You end up with one clear next move. Not a wall of reorganized chaos. One thing to actually do.

How we built it

The backend is Spring Boot (Java 25) with MongoDB for persistence. Claude handles the reasoning stages: triage, hidden-assumption extraction, and dependency mapping. The priority score itself is plain Java arithmetic, on purpose, so it's reproducible and explainable instead of an AI just asserting a number.

For the action plan stage, we built real retrieval-augmented generation. We have a small corpus of real frameworks (GTD, CBT cognitive defusion, the Eisenhower Matrix, and others), embed them with Voyage AI, and use cosine similarity to find whichever framework actually matches the meaning of your specific issue before handing that to Claude as grounding. It's not just picking a framework off a fixed category list; it's reading the actual content of what you wrote.

The frontend is React with a custom WebGL sphere that renders your issues as nodes you can rotate and click into. Voice input runs on the browser's native Speech API, completely free and separate from any paid service. Voice output (the assistant actually talking back) runs through ElevenLabs.

Challenges we ran into

The hardest bug of the hackathon looked like a network problem and wasn't. After building the real RAG pipeline, our embedding calls started failing intermittently. Testing the exact same request with curl worked every single time, which sent us chasing a phantom flaky-connection theory for a while. The real cause turned out to be Voyage AI's free tier rate limit of 3 requests per minute. Our pipeline was making 4 separate embedding calls per analysis in quick succession, blowing through that limit every time, while our isolated curl tests never came close to it because they weren't replicating the actual call volume. The fix was batching all the queries into a single call instead of retrying harder, which is the right lesson generally: when you hit a rate limit, reduce how many calls you're making before you reach for more retries.

We also ran our ElevenLabs free-tier credits down to almost nothing mid-build, which surfaced as a confusing 401 Unauthorized error instead of a clear quota message, so it briefly looked like our API key had broken rather than just running out of budget.

On the voice side, speech-to-text kept mishearing the user's own name, which meant the assistant would respond to the wrong person entirely. We had to build a phonetic correction to catch that reliably without it accidentally mangling unrelated words.

Accomplishments that we're proud of

We built retrieval-augmented generation for real, not just relabeled a hardcoded lookup table and called it RAG. The system genuinely reads the meaning of an issue and retrieves a framework that fits it.

The scoring system is fully explainable. Every priority number traces back to a formula you can read, not a number an AI decided and asked you to trust.

We made human-in-the-loop feedback actually mean something. When you tell Reframe one of its assumptions about you is wrong, that rejection is saved to the database and the confidence score is recalculated for real, not just adjusted cosmetically in the browser.

Voice and text are both first-class. Talking to Reframe never locks out typing, and typing never feels like the fallback option.

What we learned

That a small, in-memory vector search is a completely legitimate way to build real RAG at this scale, you don't need a hosted vector database to do this honestly.

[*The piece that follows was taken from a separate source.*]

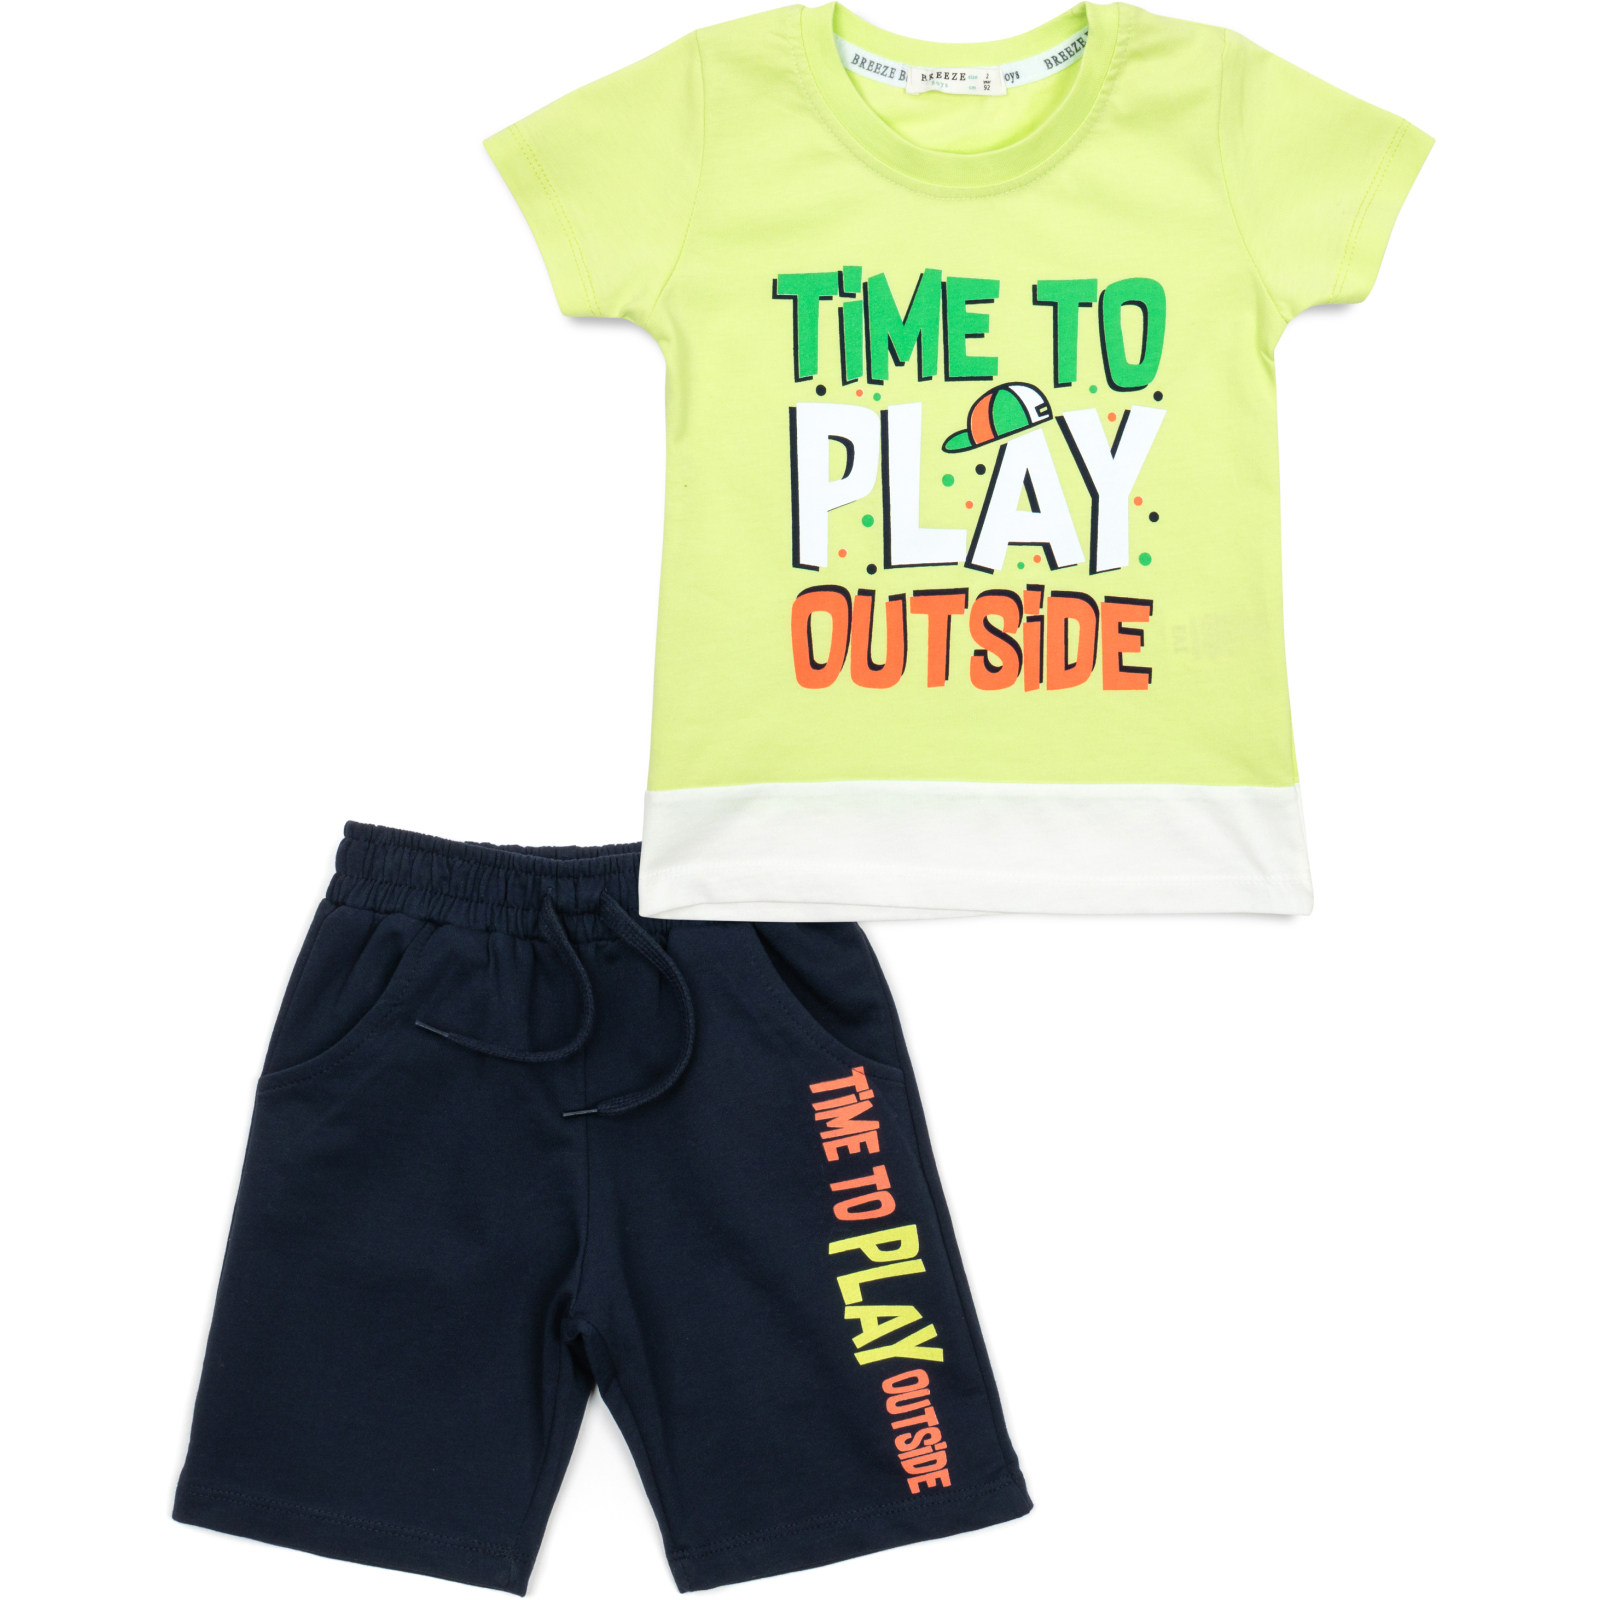 Набор детской одежды Breeze TIME TO PLAY OUTSIDE (14591-104B-green)

That rate limits deserve to be designed up front, not patched over with retries after the fact.

And, honestly, building the tool I wished I'd had during my own worst weeks of overwhelm taught me a lot about my own patterns too. Writing the assumption-extraction prompts meant sitting with what kinds of hidden beliefs actually drive freeze, which was uncomfortable in a useful way.

What's next

Expanding the framework corpus so retrieval gets even more precise across more types of overwhelm. Persisting more of the human-in-the-loop feedback so the system actually adapts to a specific person over time instead of just within one session. And eventually, deploying it properly so it's not just a hackathon demo but something a stressed-out student could actually bookmark and use.